В начало
В этом
городе были места, в которых время было почти неподвижно: где-нибудь в
музыкальном симфоническом пространстве, когда на сцене ровный бездневный
свет, и музыка обозначает и означает присутствие как таковое. Она поддерживала
непрерывность нашего пребывания. Но стоило с усилием пройти через мнимо
непроницаемую каменную стену, и все могло измениться.

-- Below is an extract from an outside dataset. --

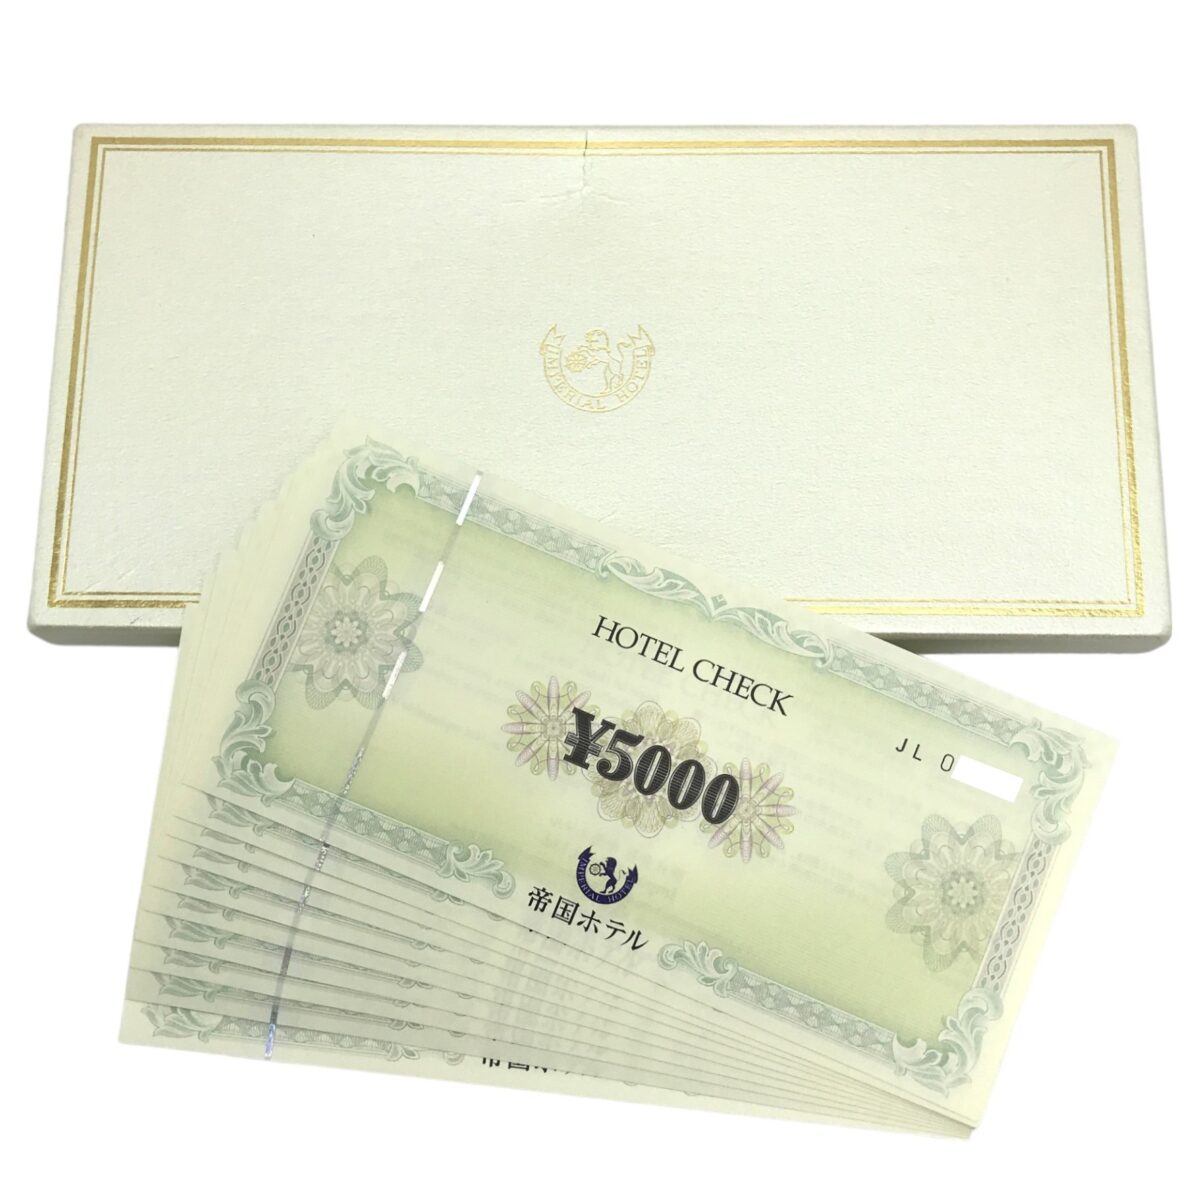 帝国ホテル ホテルチェック ギフト券 5000円×4枚 20000万円分 - ギフト券

За музыкальной стеной
было узкое ущелье между Залом имени Чайковского и театром Сатиры (превращенным
из театра Оперетты, бывшим еще раньше Мюзик-Холлом), где стоял нерушимый
константный камертонный запах помойки и еще один техногенный томительный
запах из ноздрей вентиляторов, который между серых шершавых стен был лишь
здесь. Однако из просвета улицы освежающим потоком в дожде и огнях появлялось
время, где слышалась французская речь мелодии или итальянское видение
какой-нибудь занесенной кинокартины, и обрывки незнакомых городов возникали
явно.
Ты мог оказаться в месте другом, где, допустим,
Мидзогути соткет, сплетет, сольет воедино молоко кинополотна нашего подпольного
сознания и внешнего города, в которых были не только неназываемый Париж,
но и неназванная Москва. В 70-х мы жили, возможно, в Москве подсознания
тех, кто не видел настоящей Москвы. Таких же, как мы, оторванных от реальности
жителей иных стран. Мы находились в церемонности каменного "Иллюзиона",
где можно было спать в демократических шубах, не боясь отморозить нос.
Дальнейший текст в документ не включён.